The Foreign Service highly values negotiation skills and offers many opportunities to apply them in my daily work. And there remains great potential for further spreading and developing negotiation theory and skills within the Foreign Service at large. Additional negotiation training for diplomats at all levels, perhaps inviting HNMCP to share its methods, would be a great start. It would be truly amazing to, at some point in my career, hold a key negotiation position at the United Nations or in the EU and be able to report back to the new young diplomats my own stories of successful interest-based negotiation. Beyond that, trying to apply negotiation skills in practice is always a great deal of fun.

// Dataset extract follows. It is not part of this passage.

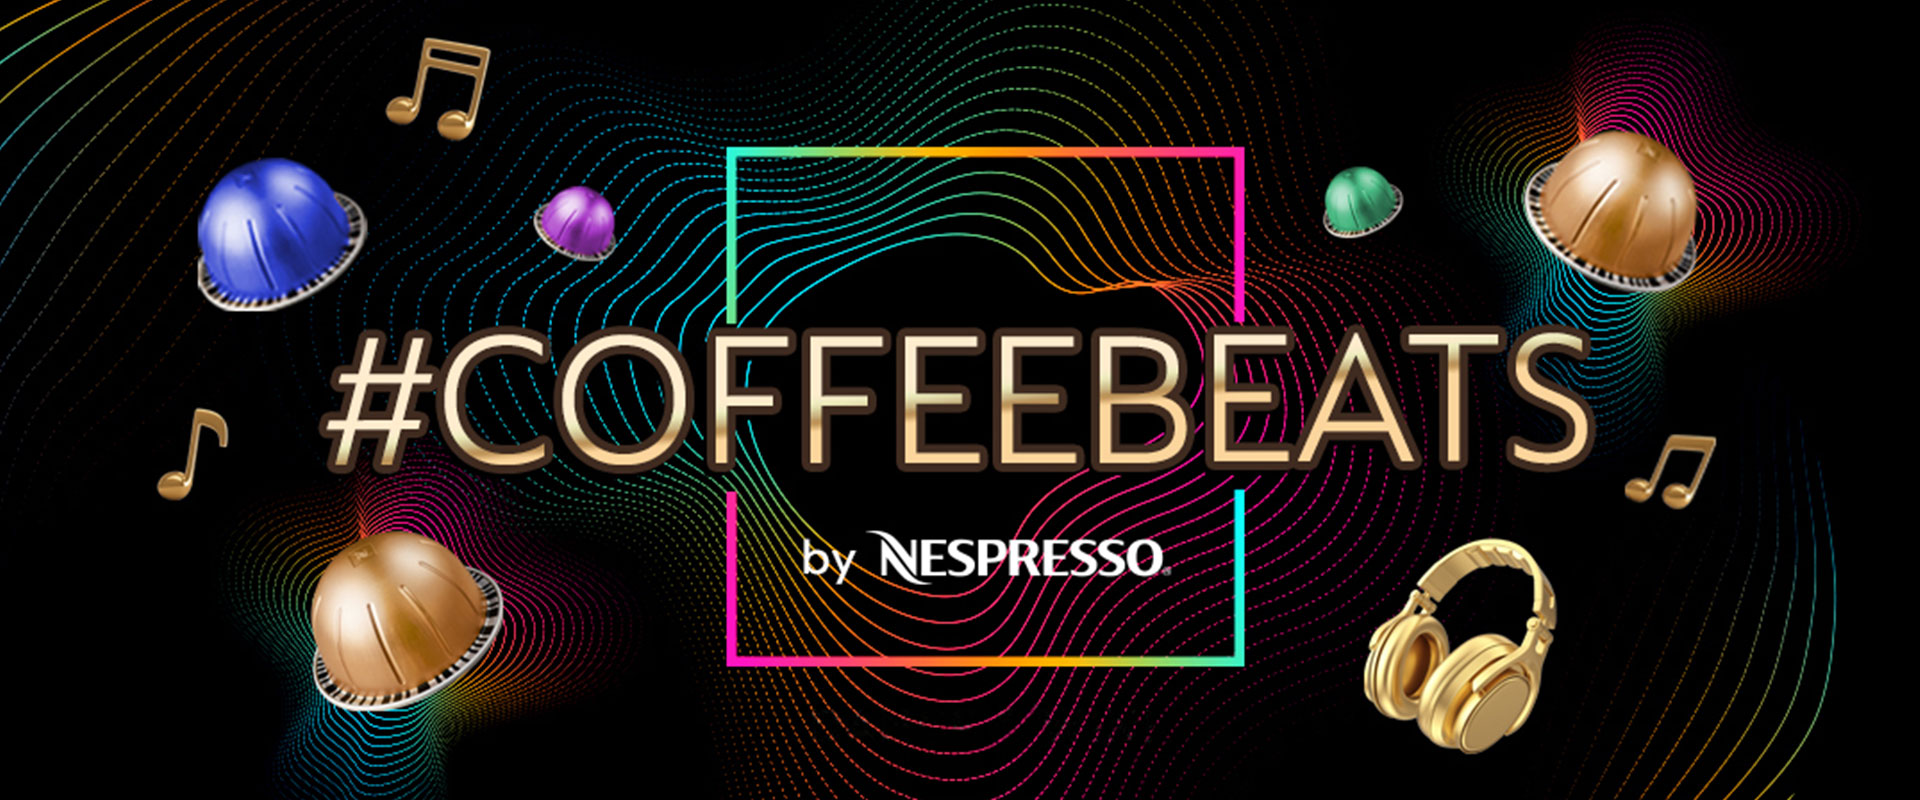 #CoffeeBeats, Nespresso

Matilda Janson Brolin is a Desk Officer in the Protocol Department of the Ministry of Foreign Affairs of Sweden. She graduated with an LL.M. from Harvard Law School in 2016 and holds an LL.M. from Uppsala University, with studies also at University of LausanneShe has previously served as an Associate at Sidley Austin LLP in Brussels. While at Harvard Law School, Matilda trained and served as a court mediator in the Harvard Mediation Program.